FDR did something almost equally unforgivable in Lowell Thomas's eyes: "He sent hatchet men out to destroy Mr. Hoover's reputation. It was a villainous thing to do. Herbert Hoover was our greatest President. He stands head and shoulders above the others. He was a wise man, not just a politician.

"I spent most of my life looking for a truly wise man. The nearest I came was Herbert Hoover. He was a man of vast wisdom, compassion, and patience."

Another neighbor and political favorite was Thomas Dewey. "Dewey frightened people," he recalls of the man he "discovered" as a young district attorney and helped to cultivate as a political force. "His eyes would burn right through you. He had that rare genius to go straight to the heart of the matter. He was a genuine colossus."

Mr. Thomas, who has known every President since Teddy Roosevelt, thinks Dewey would have been one of the greatest. He is lavish in his admiration of him.

Such tributes don't come easily.He is careful with his praise, very much in character from the man who thinks he himself has received "far too much attention" from admiring figures. Books and articles about Mr. Thomas are nearly embarrassing in their effusive admiration of his exploits. Over the years, newspaper articles have lauded his daring, his journalistic aplomb, and his capitalistic endeavor.

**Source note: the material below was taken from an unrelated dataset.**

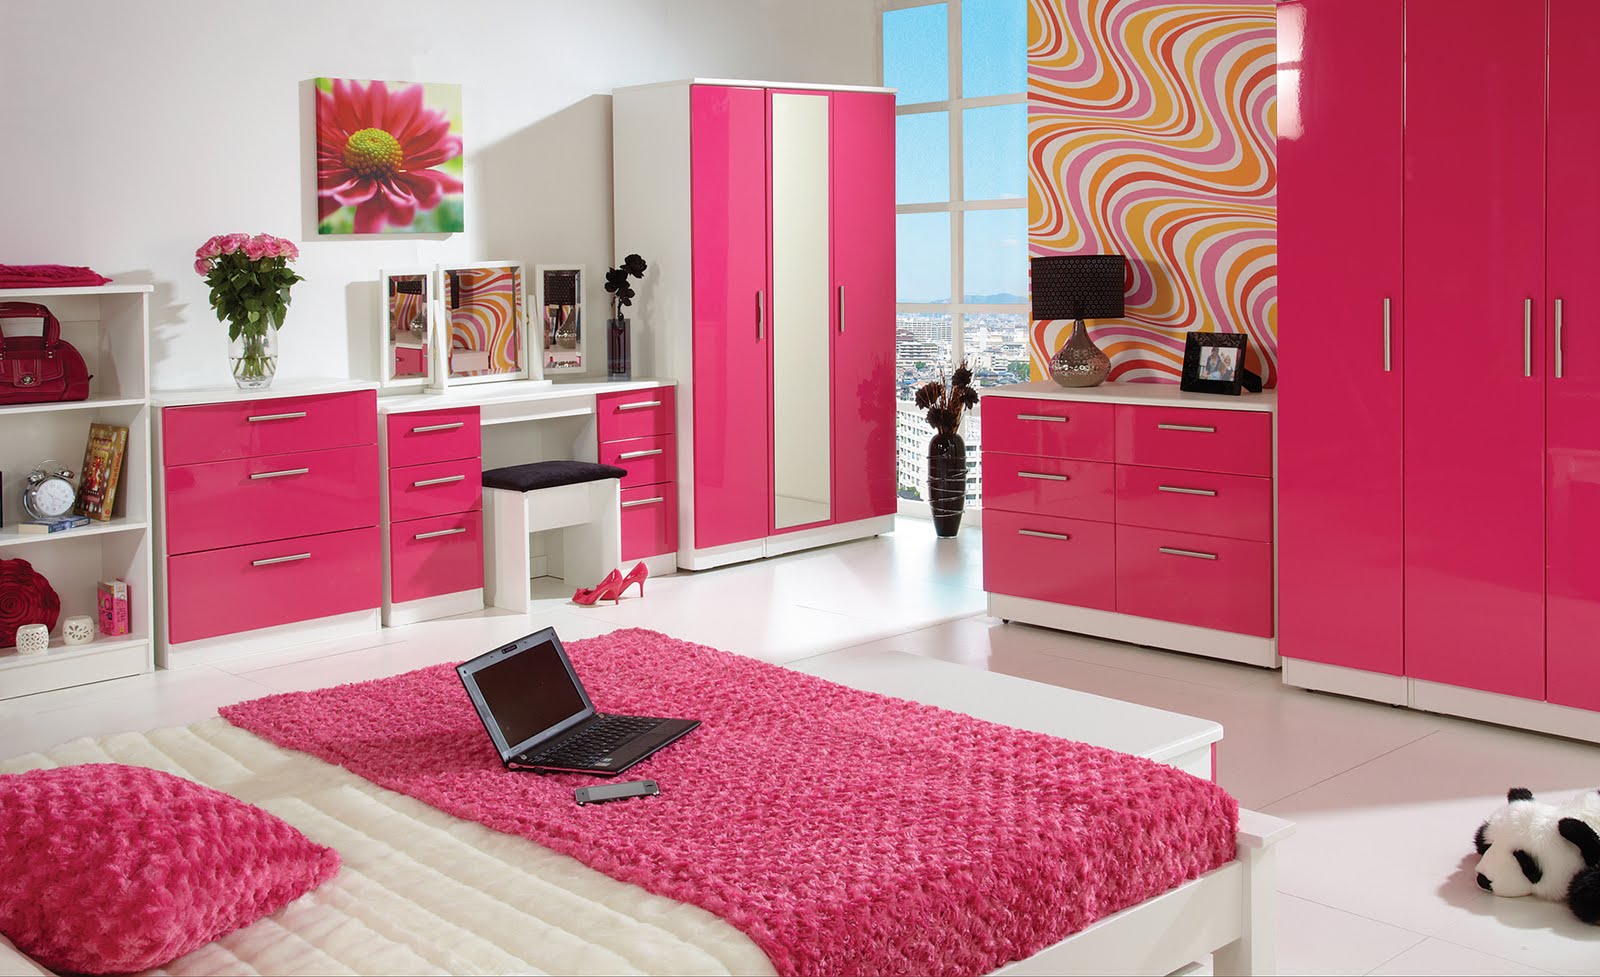 Desain Kamar Tidur Anak Perempuan Warna Pink - Arcadia ...

Damon Runyon called him "the beau ideal of the radio fraternity" in a 1940 newspaper column, adding that "you never hear a knock for Lowell Thomas among his associates."

One of his associates, a former secretary named Faye Dean, sizes him up this way: "He's fabulous. He's tops. He's remarkable. He has lived life to the fullest and had everything this world has to offer. He is very kind and very considerate. Anytime I would ask him anything about the job or personal things, he would sit down and help. I have nothing but praise for Mr. Thomas. It was a privilege to work for him."

Although he has an uncanny knack for being in front of a camera lens just as the shutter clicks, there is in his person an unmistakable self-diminishing quality. He loves to show off the memorabilia he has accumulated on his journeys, but somehow he seems anxious in conversation to dissociate himself from the whole thing.

"Thomas rarely says 'I,'" Mr. Runyon noted. "No man alive is less conscious of his own importance. He is always being impressed by the stature of the celebrity next to him."

The celebrity next to him in the deserts of Arabia was actually no celebrity at all until Thomas met him. T. E. Lawrence was a passionately shy, intensely gifted young Englishman who had won the adoration of Arab sheikhs by leading them in a guerrilla war against their despised oppressors, the Turks.

Mr. Thomas, then an obscure war correspondent for the United States government, recognized Lawrence's obvious box-office potential and, after the war, told his story in words and pictures to audiences in New York and London, making $1 million (which he subsequently lost by trying to launch road shows on Lawrence) in the process.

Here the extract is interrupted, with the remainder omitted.